Sure there is a fast way, consider the slight generalization where the denominator is a function R so your case is R=x^2+y^2+z^2

then we have

[tex]J=
\left|
\begin{array}{ccc}
u_x & u_y & u_z \\
v_x & v_y & v_z \\
w_x & w_y & w_z
\end{array} \right|
=\frac{1}{R^3}
\left|
\begin{array}{ccc}
1 - x R_x/R & -x R_y/R & -x R_z/R \\
-y R_x/R & 1 - y R_y/R & -y R_z/R \\
-z R_x/R & -z R_y/R & 1 - z R_z/R
\end{array} \right|
=\frac{1-(x R_x+y R_y+z R_z)/R}{R^3}[/tex]

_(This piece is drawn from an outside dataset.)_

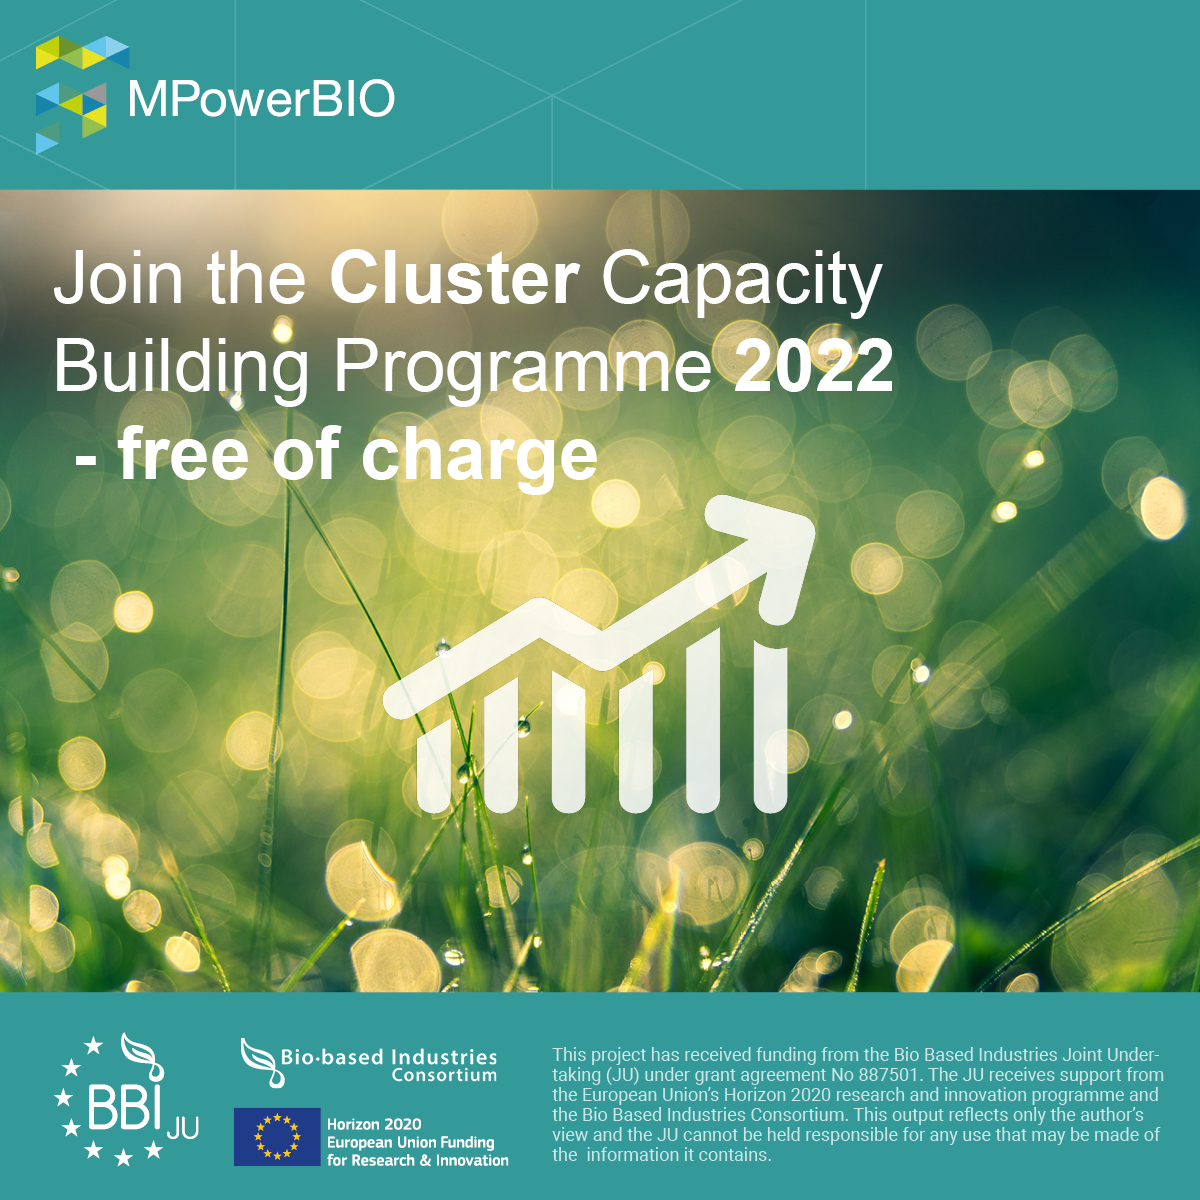 Are you a #cluster within the bio-based industry? Would you like to build links with investors and train your SME members in improving their Investment Readiness Level = increase their chance of securing investment? Check out @MPowerBIO's free offer👉 bit.ly/3oyBmJ9

The determinant is closely related to

[tex]\left|
\begin{array}{ccc}
a-U & -V & -W \\
-U & b-V & -W \\
-U & -V & c-W
\end{array} \right| =abc-bc U-ac V-abW[/tex]
lurflurf
#3
Dec19-12, 07:25 PM
HW Helper
P: 2,264
^The inverse is right.

lavinia
#4
Dec20-12, 08:11 AM
Sci Advisor
P: 1,716
Question about computing Jacobians of transformations

This function just divides each vector by the square of its length. A small cube alligned so that its base is tangent to a sphere centered at the origin will be shrunk in volume by a factor of the sixth power of the radius of the sphere. So the magnitude of the determinant is the reciprocal of the sixth power of the radius of the sphere.